Data extract:
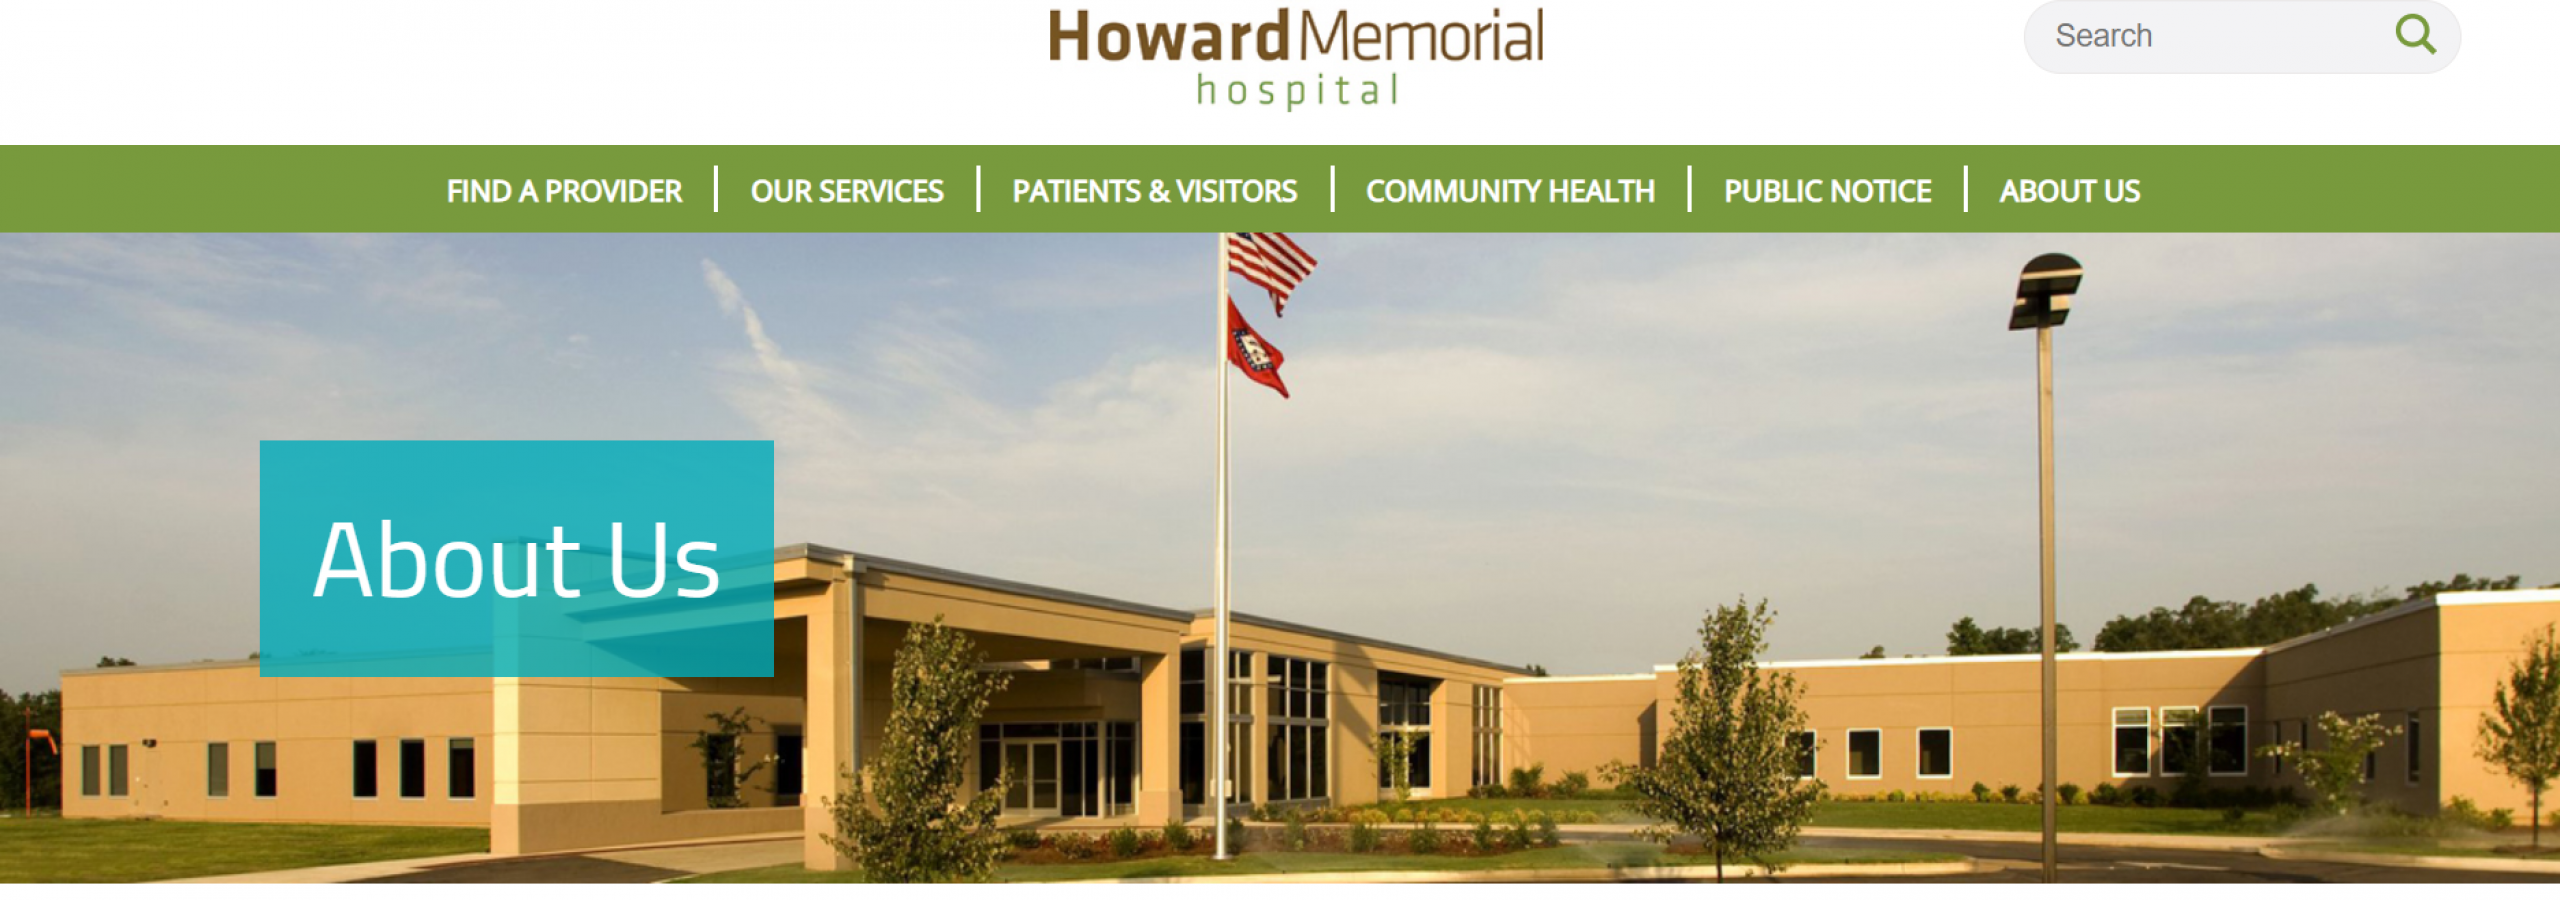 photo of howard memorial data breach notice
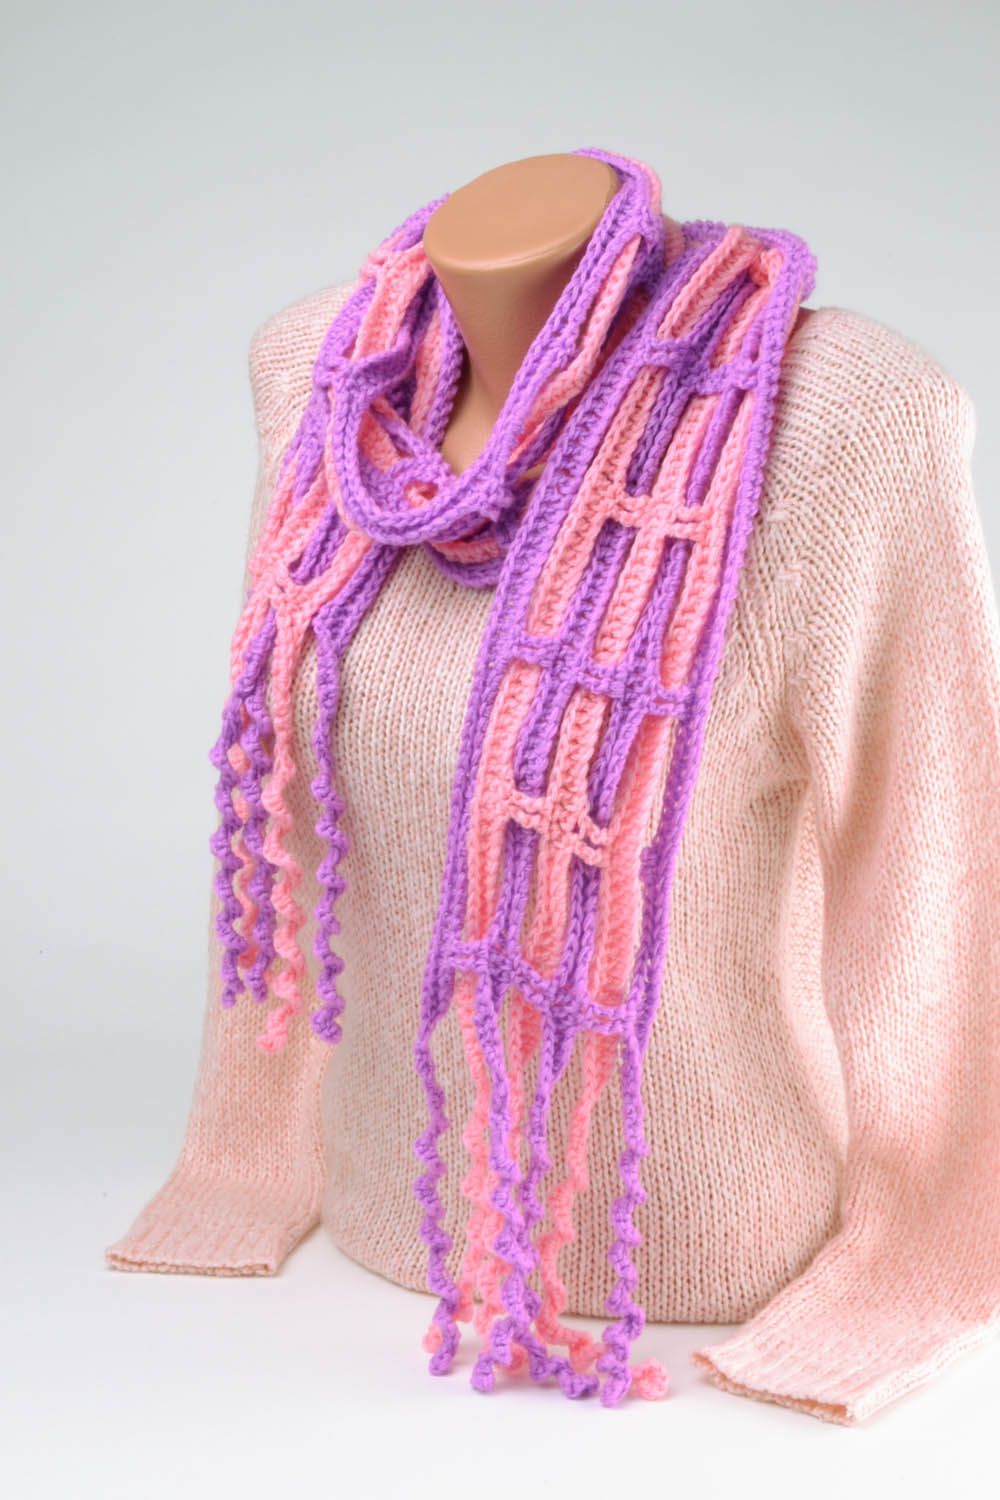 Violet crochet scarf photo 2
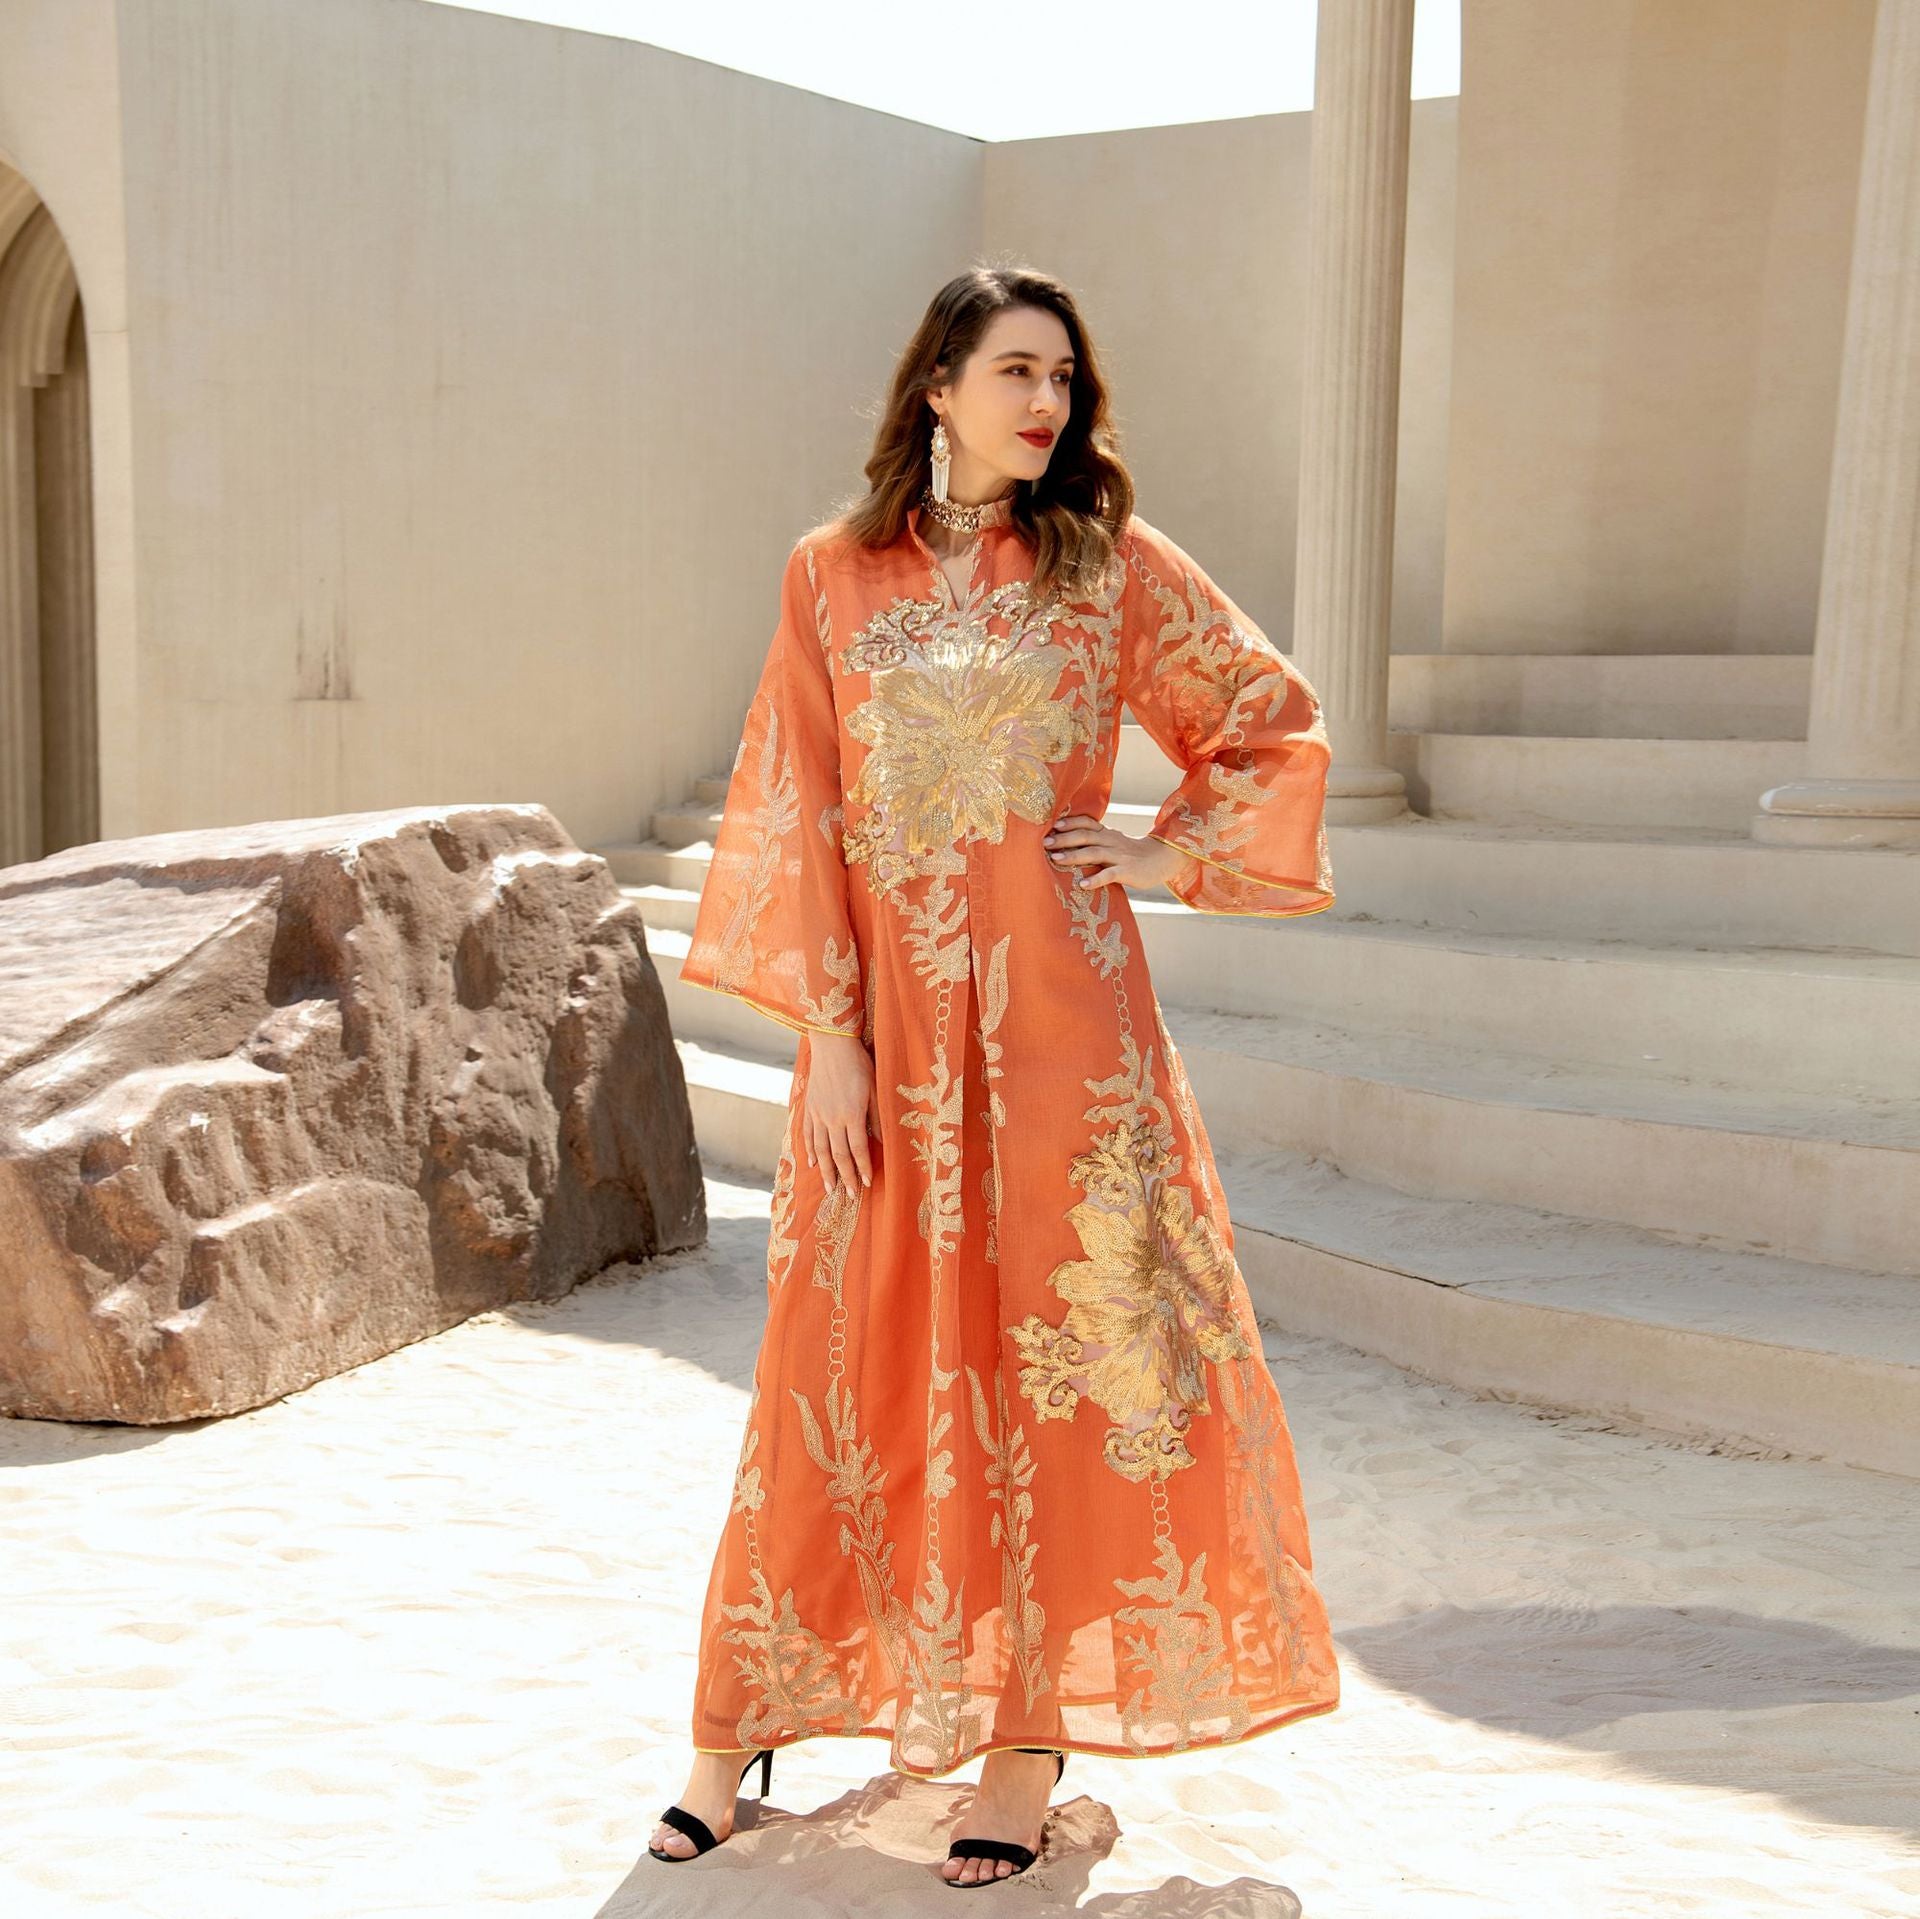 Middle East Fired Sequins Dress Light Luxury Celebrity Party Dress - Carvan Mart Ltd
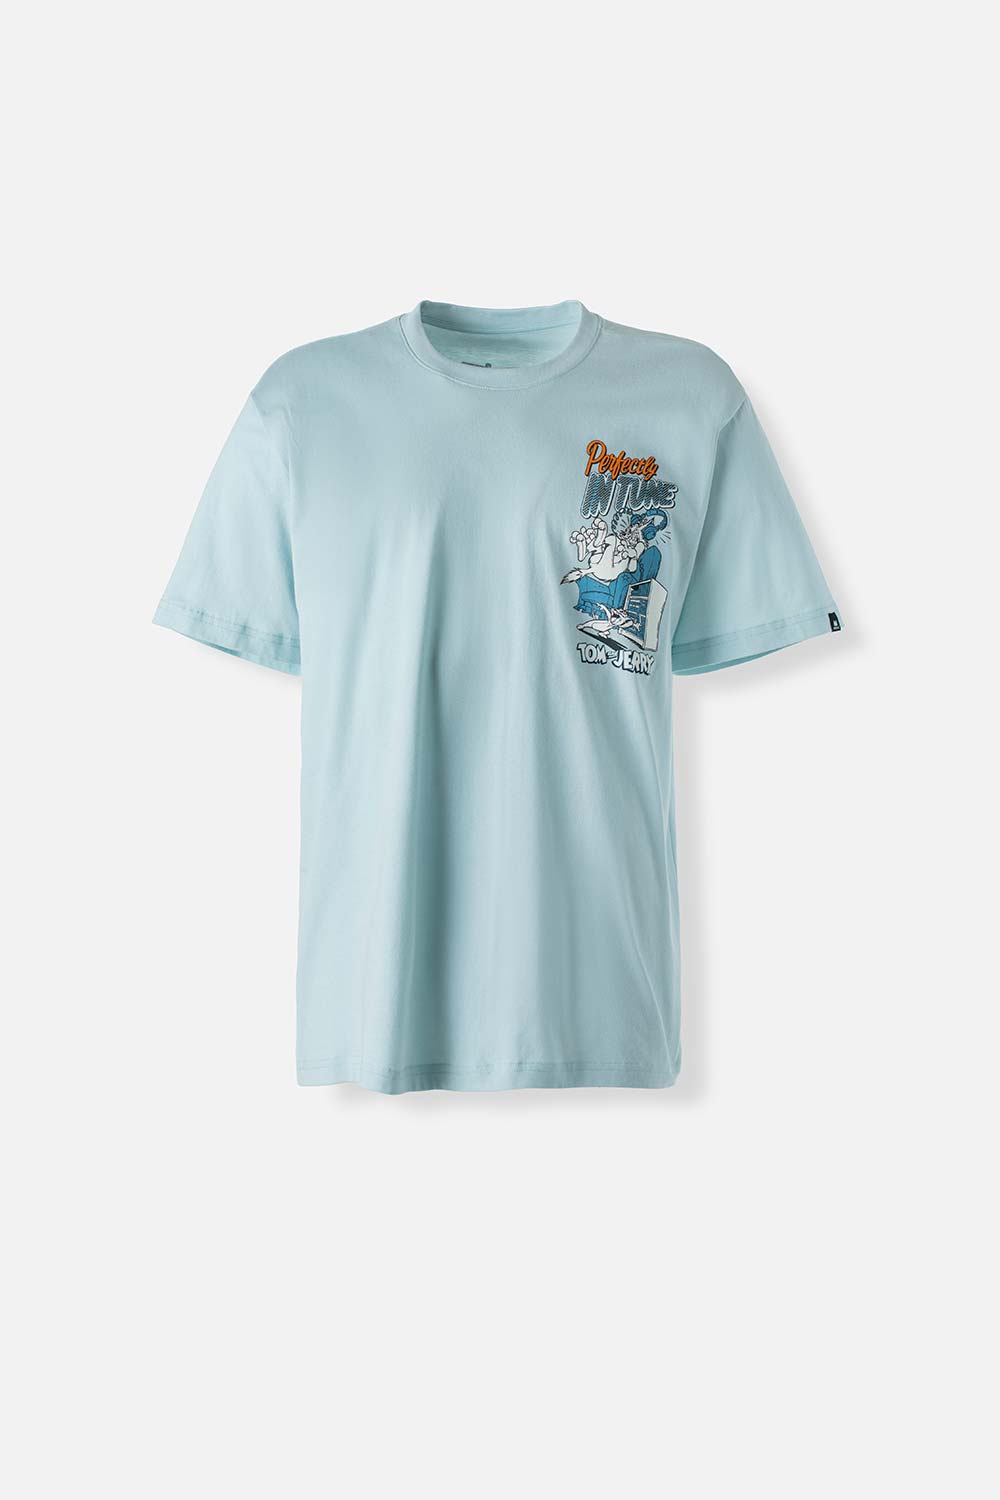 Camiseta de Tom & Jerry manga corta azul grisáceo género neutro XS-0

Your instructions: Retype exactly, please, the span from the line holding "Middle East Fired" through the closing line of the data, both ends included, without the pictures.

Task solution:
 Middle East Fired Sequins Dress Light Luxury Celebrity Party Dress - Carvan Mart Ltd
 Camiseta de Tom & Jerry manga corta azul grisáceo género neutro XS-0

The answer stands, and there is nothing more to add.